Harvesting Rare Earth Elements from Coal Ash
Harvesting Rare Earth Elements from Coal Ash
After receiving her Ph.D. in environmental engineering, Laura Stoy founded a start-up clean-technology firm to recover rare earth elements from coal ash waste piles across the U.S.
Laura Stoy received her Ph.D. in environmental engineering in 2021 from the Georgia Institute of Technology—now, three years later, she is the founder of her own clean-technology start-up firm.
An environmentalist at heart, Stoy wanted to take on research that would have global implications for cleaning up the planet.
Her target?
“I really wanted to clean up the old ash ponds from burning coal as an energy source,” Stoy said.

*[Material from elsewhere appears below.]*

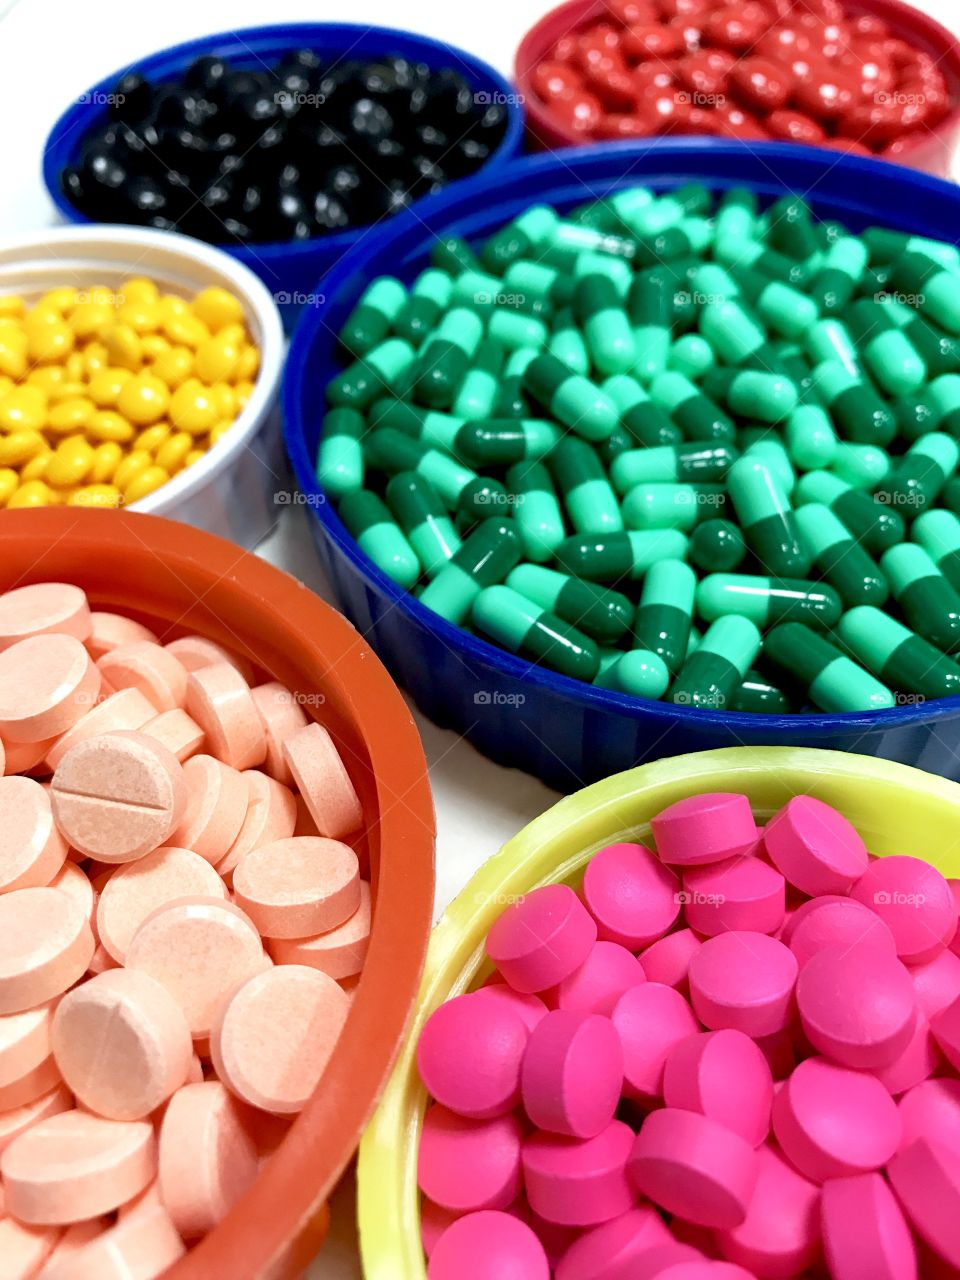 Colourful of drugs.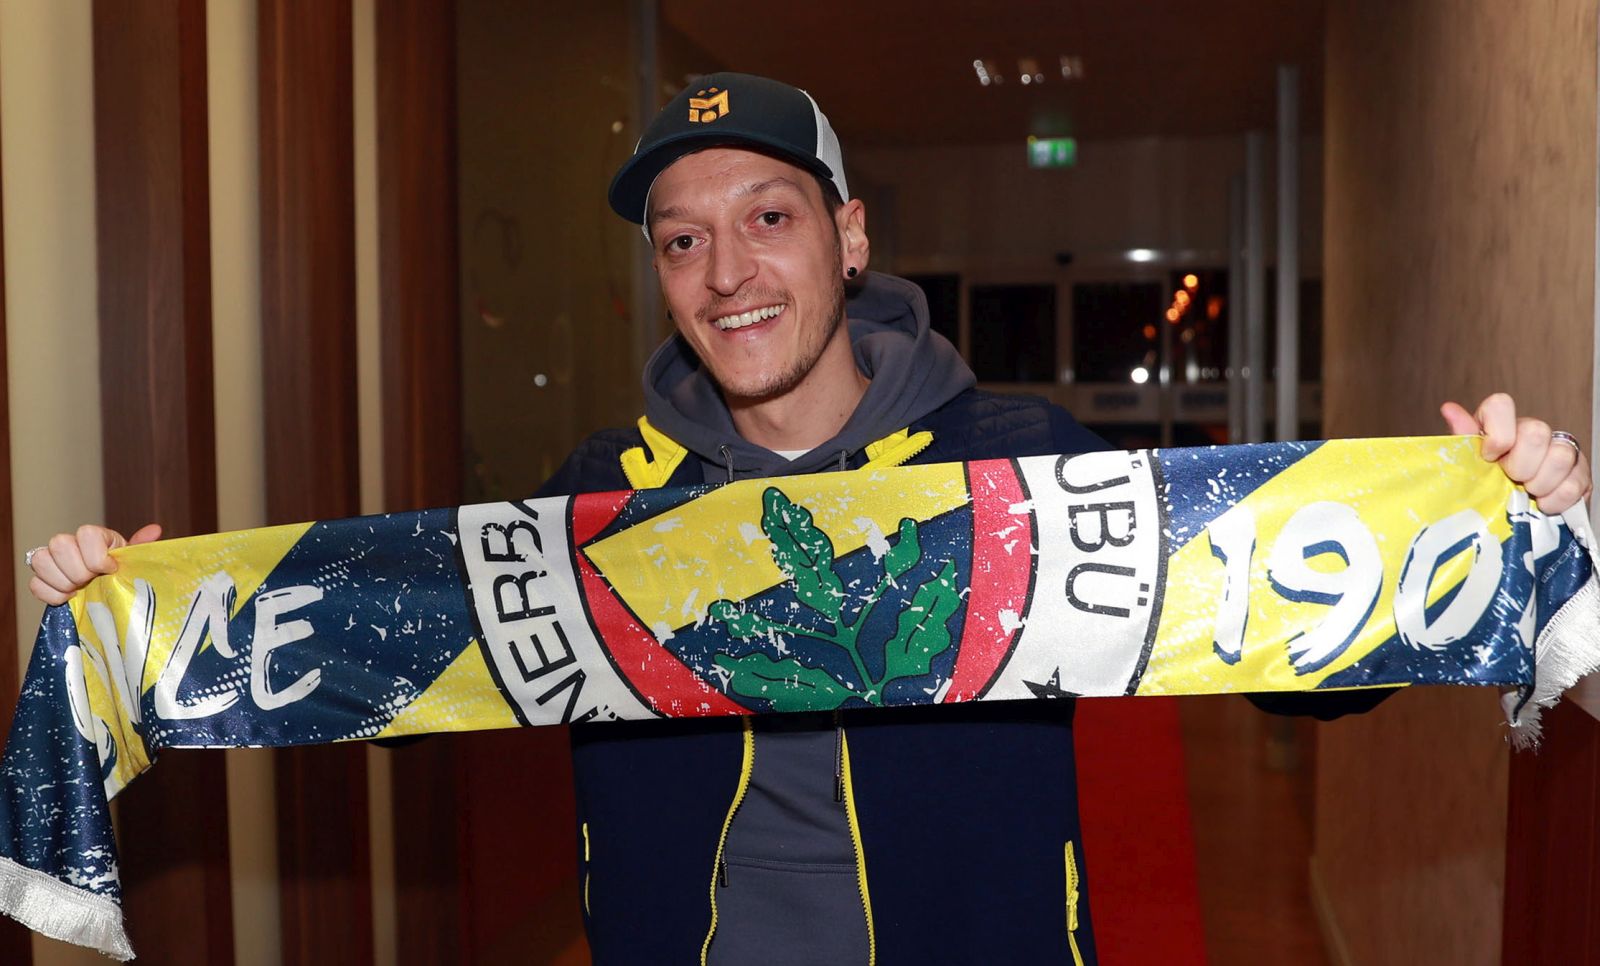 epa08945620 A handout photo made available by Fenerbahce soccer club shows soccer player Mesut Oezil posing with a Fenerbahce scarf upon his arrival to Istanbul, Turkey, 18 January 2021. 32-year-old German World Cup winner Mesut Oezil made an agreement with Arsenal to terminate his contract in order to complete his transfer to Fenerbahce.  EPA/-  HANDOUT EDITORIAL USE ONLY/NO SALES

Laura Stoy during a power plant visit with Alabama Power.
Her goal was two-fold: First, remove toxic coal ash from the environment and second, develop a process for recovering the valuable and strategic rare earth elements (REEs) that are concentrated in this hugely abundant and easily accessible resource.
Coal fly ash is a by-product from coal-fired power plants. Concentrations of REEs in fly ash are similar to those in raw ores that require costly mining. More than 700 coal ash ponds exist in the U.S. and represent a total of about two billion metric tons of ash. Within this resource are enough REEs to meet U.S. needs for the next 100 years.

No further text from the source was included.